Memoriale delle vittime a Crans-Montana (Ansa)
Doveva essere un’iniziativa benefica, ma si è trasformata – almeno apparentemente – nell’ennesimo giallo legato alla strage di Crans-Montana, con le famiglie delle vittime e dei feriti nel rogo di capodanno che stanno ancora aspettando di ricevere i proventi del concerto “Aux curs de Crans” che è stato organizzato lo scorso 22 aprile con l’obiettivo – appunto – di raccogliere fondi da destinare a chi ha dovuto affrontare spese enormi per il ricovero di figli, nipoti e parenti.

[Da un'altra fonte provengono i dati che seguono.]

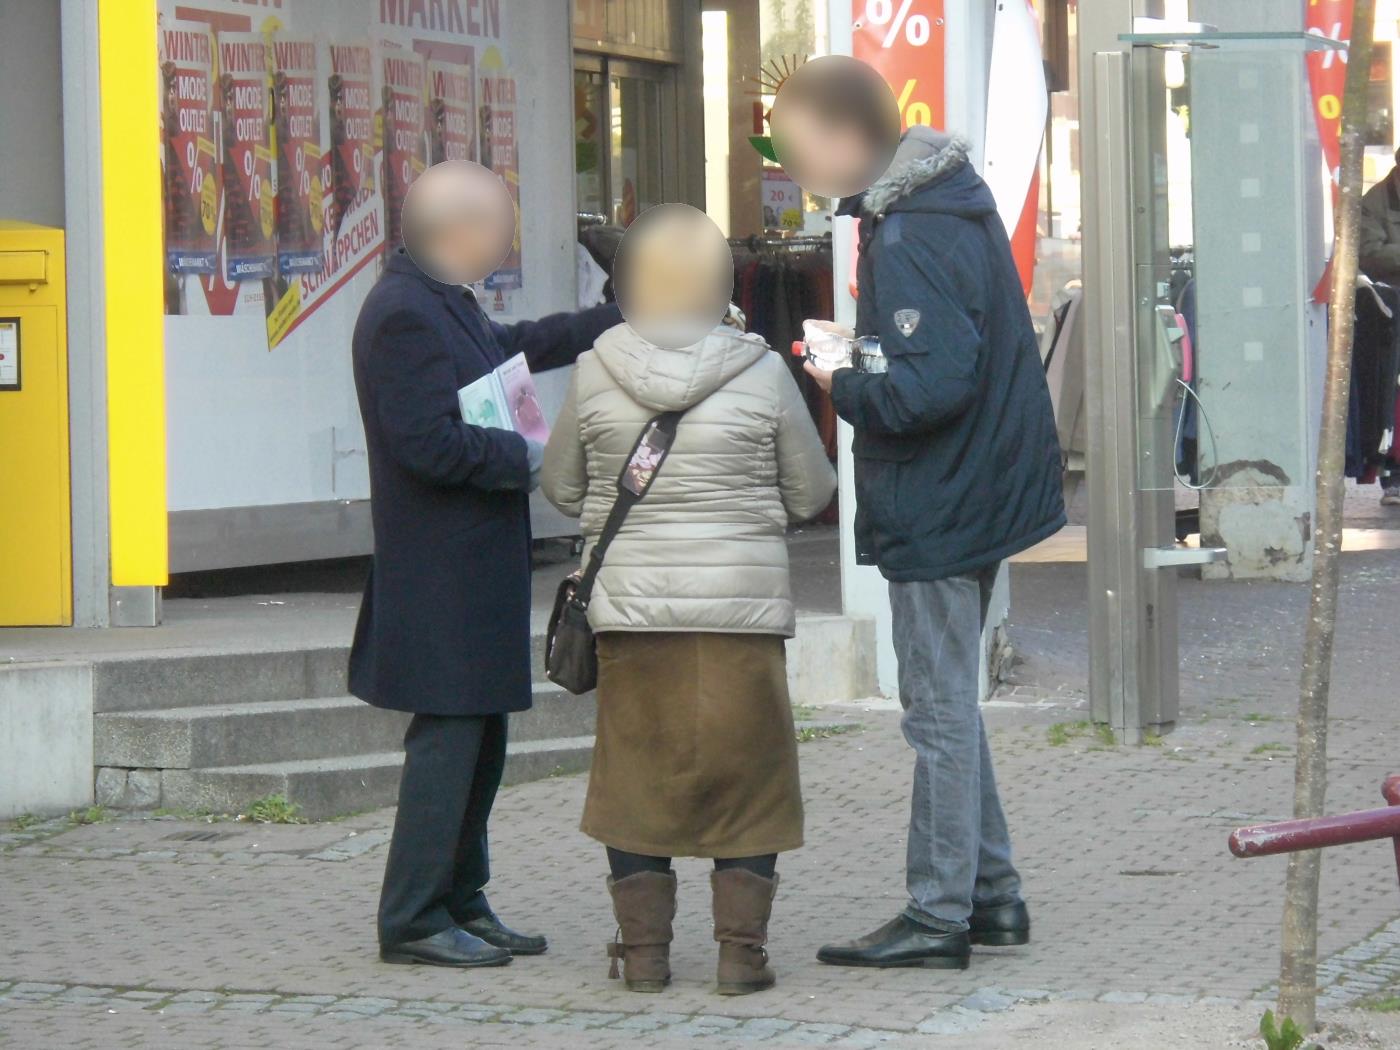 Wiesloch Jehovah's Witnesses cheeky again

Facendo un passo indietro, è utile ricordare che il concerto per Crans-Montana è andato in scena in uno dei teatri più esclusivi della Svizzera – ovvero la Salle Métropole di Losanna – e prevedeva dei biglietti di ingresso compresi tra i 90 e i 109 franchi (a seconda del posto acquistato): all’iniziativa benefica avevano partecipato alcuni dei nomi più famosi della musica francese e svizzera, oltre al nostrano Riccardo Cocciante; tutti a titolo completamente gratuito.
A distanza di più di un mese dal concerto per Crans-Montana, però, i proventi raccolti – secondo un’inchiesta condotta dal quotidiano svizzero Tages Anzeiger – non sono ancora stati distribuiti alle vittime e non è chiaro neppure a quanto ammontino effettivamente i fondi raccolti, con una stima del quotidiano che parla di almeno 150mila franchi: dal canto suo, l’organizzatore dell’evento respinge qualsiasi ipotetica accusa, ma non ha ancora diffuso alcun dettaglio su quando inizierà la distribuzione.